Where Is This Project Headed?

Most people look at a cost report and ask: How much have we spent? But that’s not the right question.

What you really need to know is: Where are we going to land?

That’s why I always focus on one number—Total Anticipated Cost. If you're not looking at this column, you’re guessing. This is the number that tells you the truth, even when the rest of the report looks fine.

First, Understand the Three Main Buckets

Every cost report has three sections. They each serve a purpose, but they tell different stories:

  • Budget – What you planned to spend.

  • Commitments – What you’ve contracted to spend.

  • Projections – What you expect to spend when the dust settles.

The budget is your starting point. The commitments are what’s locked in. But the projections? That’s where the surprises live. That’s where smart decisions come from.

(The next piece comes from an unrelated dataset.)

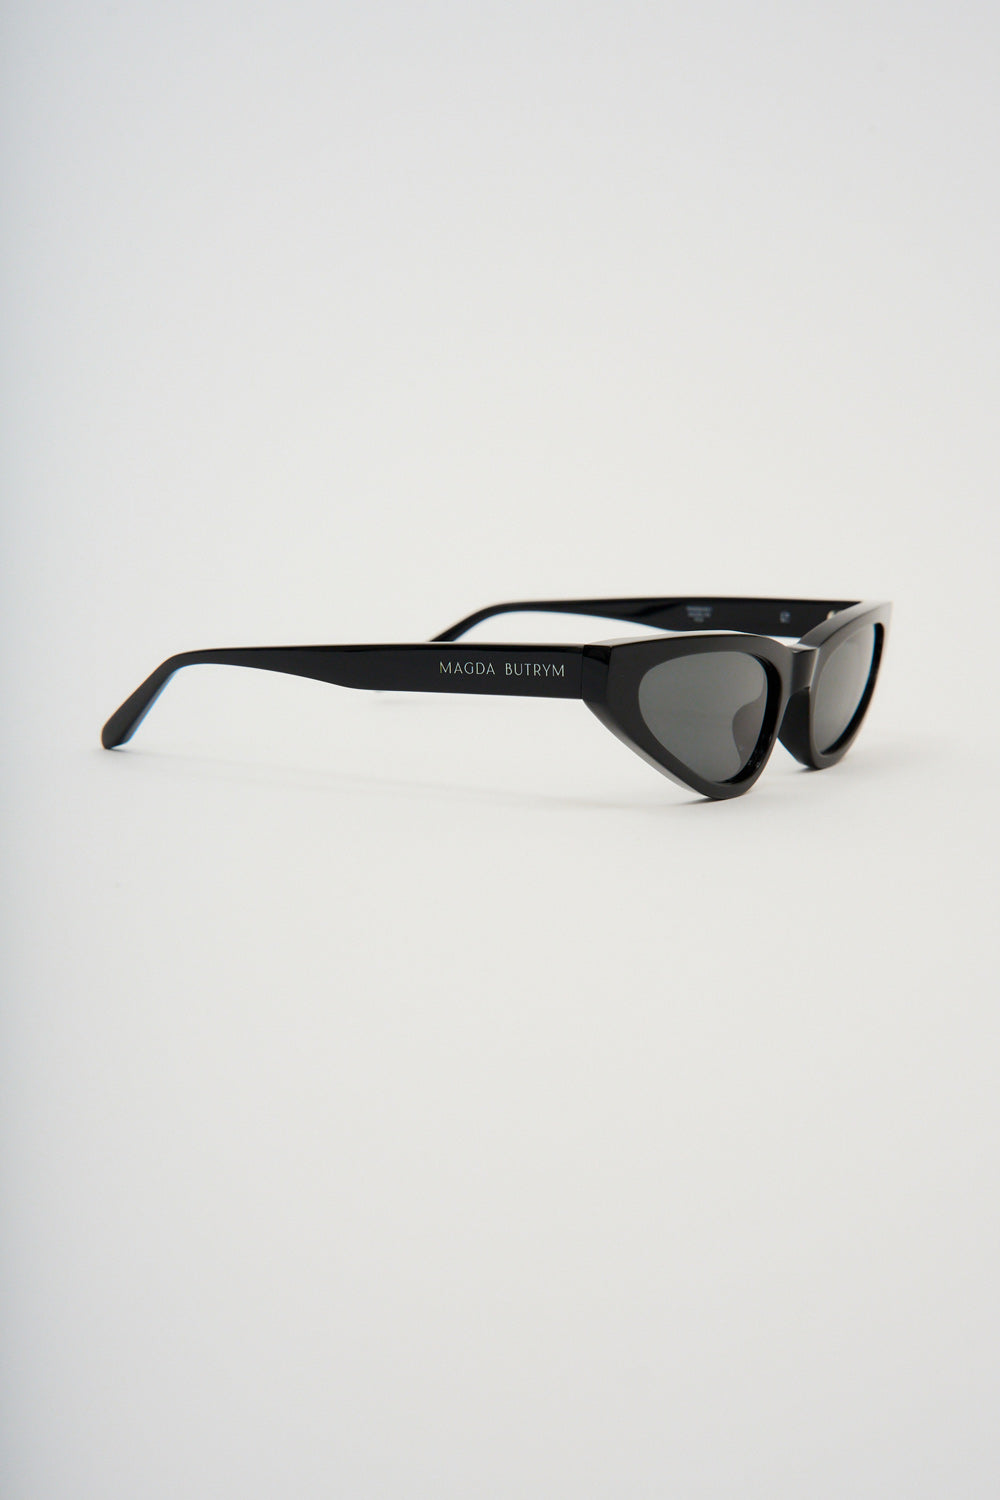 Narrow Cat Eye Black Sunglasses

What Is Total Anticipated Cost?

Total Anticipated Cost is the most important number in the projection section. It’s the best estimate of where each line item is actually going to end up—whether or not it’s been approved, committed, or even fully priced.

Here’s the logic I use in every project:

Total Anticipated Cost = The greater of:

  • Revised Budget + Pending Changes

  • Commitments + Exposures (when the budget can’t absorb them)

  • Invoiced Amounts

Sounds simple, but this formula changes the whole game. It forces you to lead with what’s actually happening, not just what’s been written down or signed off on.

Why “Greater Of” Matters

Let’s say you’ve got a line item where the trade already invoiced more than what’s in the budget. Or maybe you’re tracking a $50K exposure that hasn’t been processed yet.

You could wait until that number gets approved. Or—you could recognize that if you don’t plan for it now, you’ll be blindsided later.

That’s why we take the greater of those values. Because that’s the most honest view of where we’re heading.

Why This Column Is Everything

  1. It looks forward, not backward. Most reports track what's already happened. This one tells you what’s coming.

  2. It captures the real risk. Pending change orders. Invoicing gaps. Exposures not yet in the budget. This column pulls them all together so nothing slips through the cracks.

  3. It gives you time to act. If this number is creeping up, you still have options. If you wait until the budget is updated or the invoices hit, it’s too late.

  4. It keeps your team honest. Just because a cost isn’t on paper yet doesn’t mean it’s not real. This column forces visibility and accountability.

Why Most Teams Get It Wrong

This is not an easy column to build. You need to:

  • Understand where each number comes from

  • Track changes before they’re official

  • Handle exposures and budget limits

  • Deal with invoicing that runs ahead of commitments

That’s why I don’t rely on spreadsheets alone. I use professional construction financial software to track this accurately. It’s not about the tools—it’s about the thinking. But the right tools help enforce that thinking every time.

For Owners Reading This

If someone gives you a cost report and you’re not sure what to look at—start here.

Find the Total Anticipated Cost column and ask: “What’s driving this number up, and how are we dealing with it?”

That one question tells you more than any dashboard, any summary, or any fancy chart. It tells you who’s actually leading the job—and who’s just tracking it.